The Favaloro University () is a private university in the city of Buenos Aires in Argentina. It was founded by surgeon René Favaloro in 1992; it obtained its definitive authorization on October 23, 2003 by decree 963/03 of president Néstor Kirchner. Favaloro did not see his project completely realised, for he committed suicide a few years before completion.

Introduction
The origin of the institution is based in a research center. The university hospital and the University followed a natural development to complement and integrate several areas in the biomedical spectrum. The Research and Development Board (CID) ensures the progress of scientific research and technological development at the Favaloro University, deciding on the principal research orientations and supervising the coherence of scientific policy, particularly regarding the creation of laboratories and research programs. It also establishes the principles and dictates the evaluation mechanisms of research quality and investigator performance.
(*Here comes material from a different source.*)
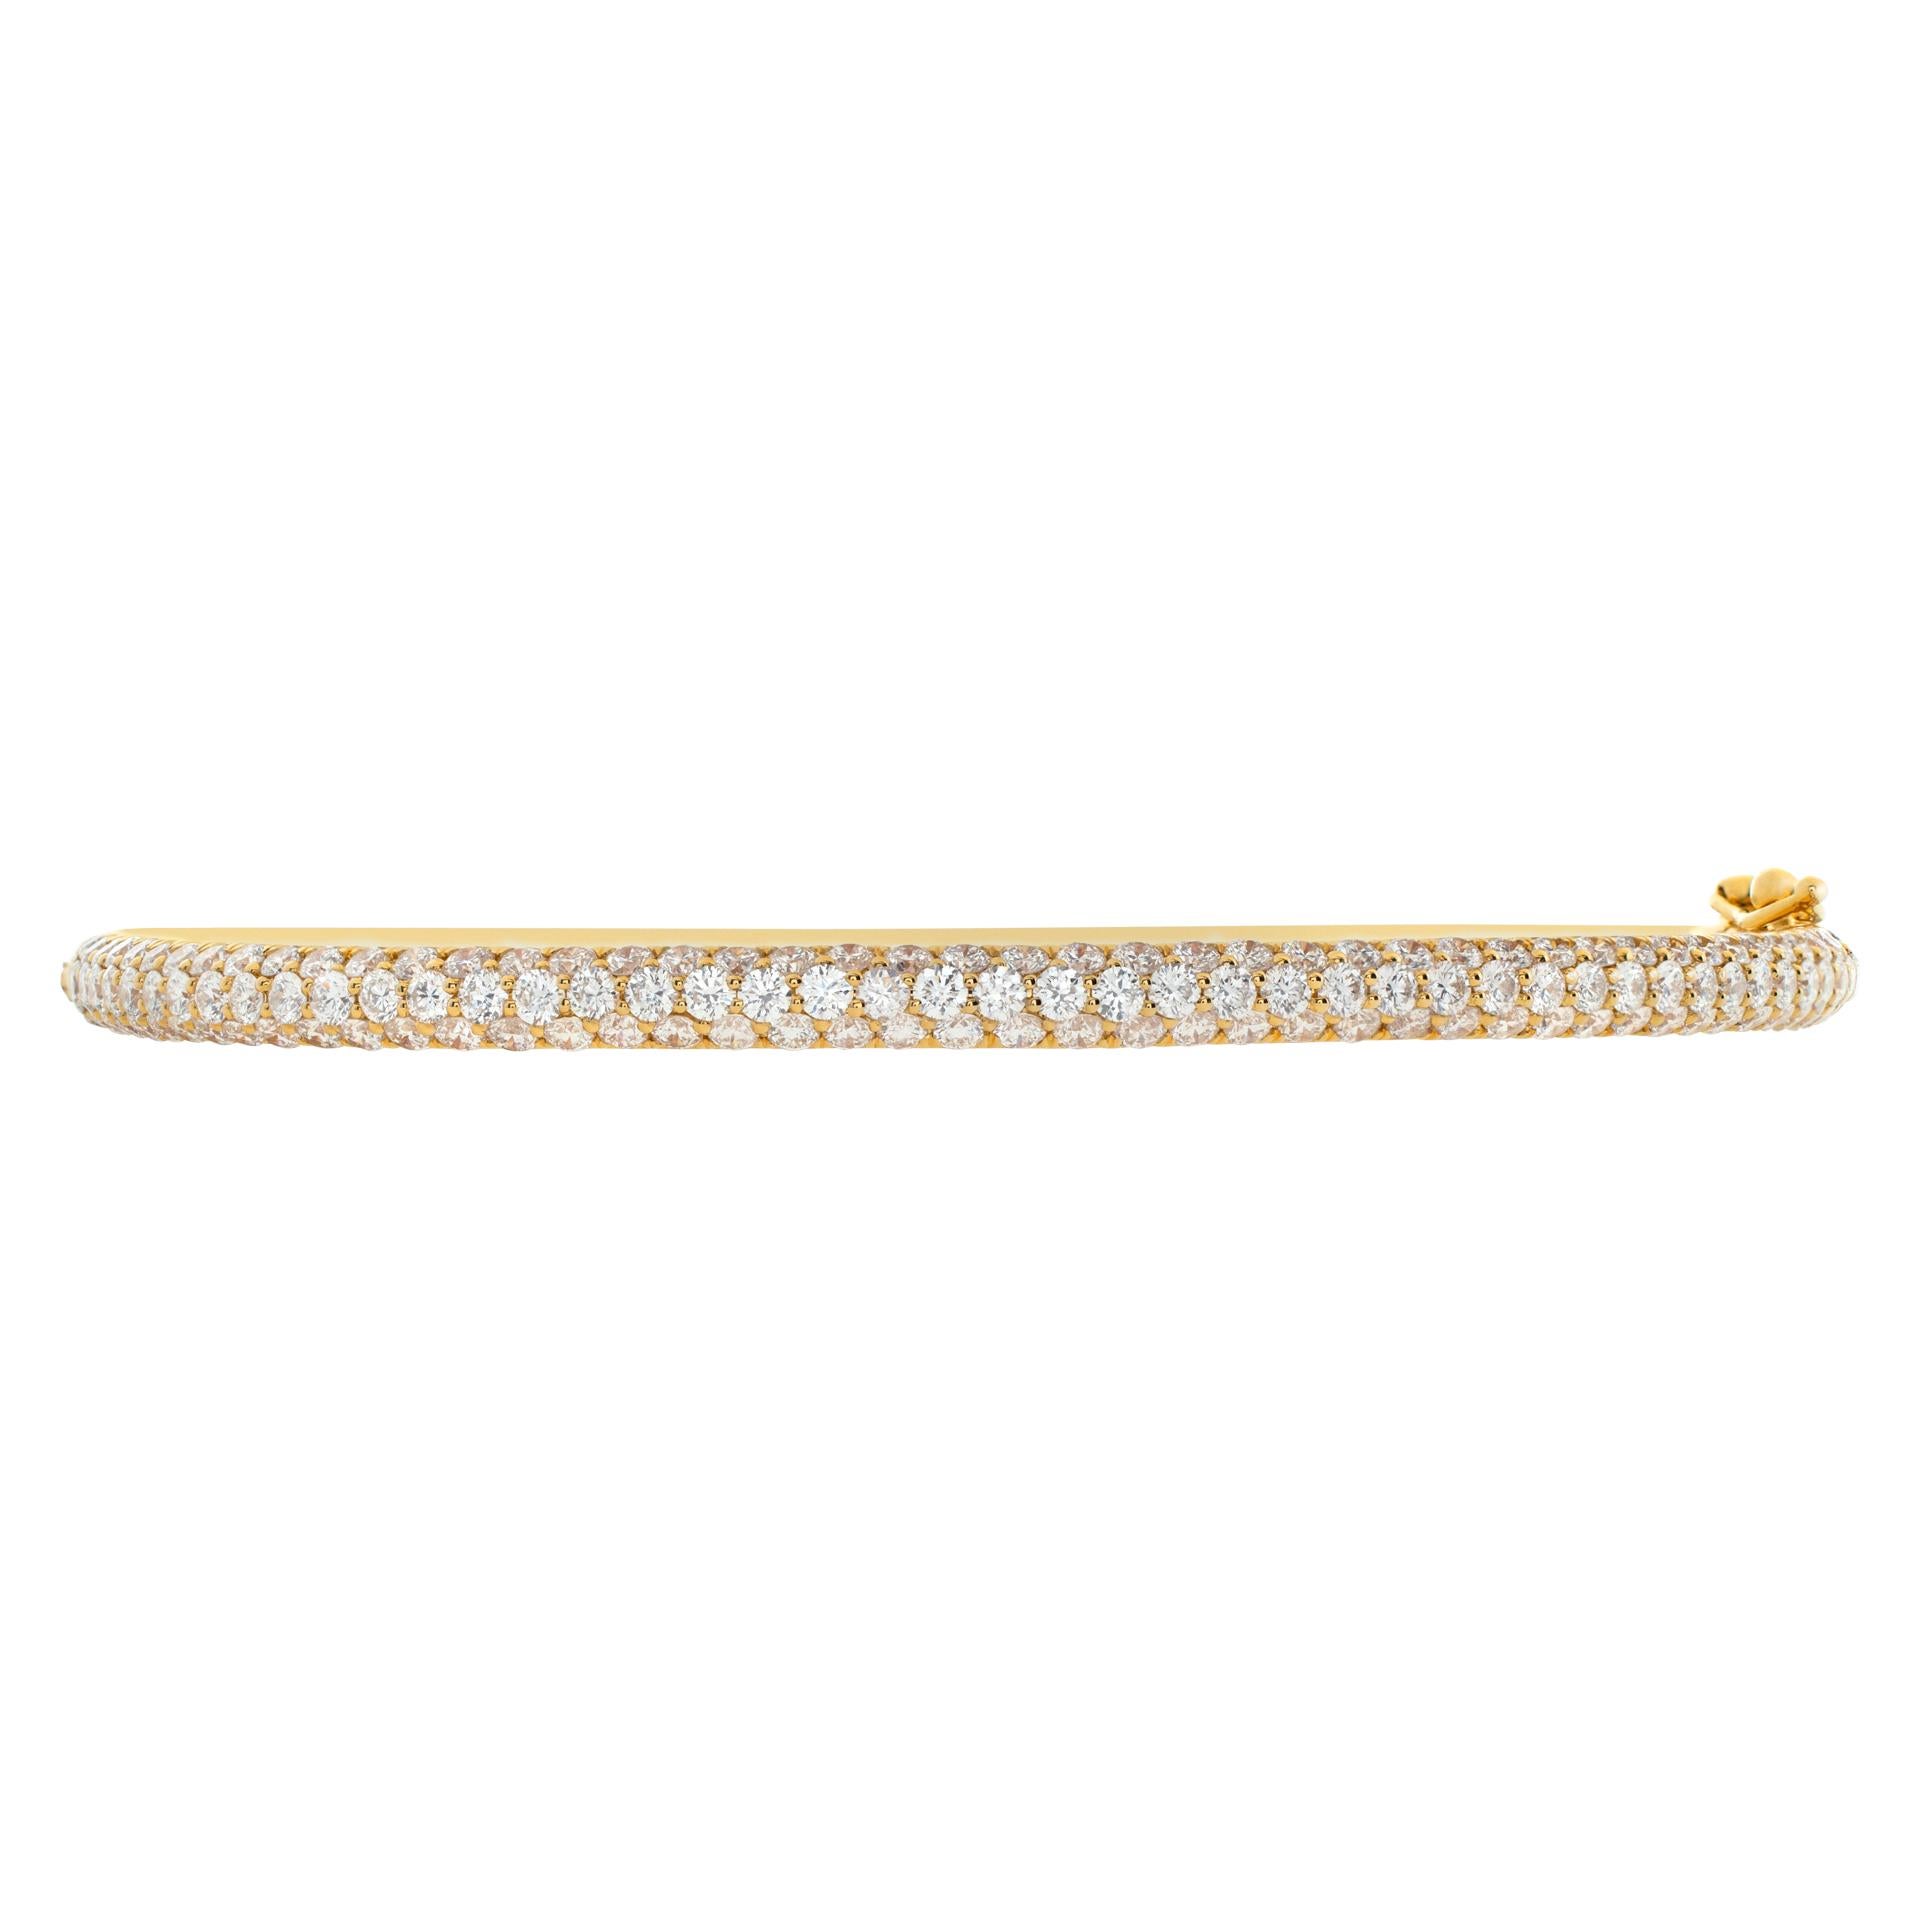 Timeless semi-eternity pave diamond bangle with 2.86 carats in brilliant round cut pave diamonds set in 18k yellow gold. Fits wrists up to 7.5'', width 3mm.

Research at the Favaloro University is organized in research projects. These projects are under the direction of one or more investigators who are directly responsible for the development of the action plan in the established period. The specific objectives of the relationship between the Research and Development Board and the departmental structure of the Favaloro University are the articulation of the Departments, the Faculty of Medical Sciences, the Faculty of Engineering and Exact and Natural Sciences and the Institute of Cardiology and Cardiovascular Surgery in connection with the research projects. Also, to stimulate teaching activity of the researchers, to promote the research projects coordinated by one or more Departments with the hospital.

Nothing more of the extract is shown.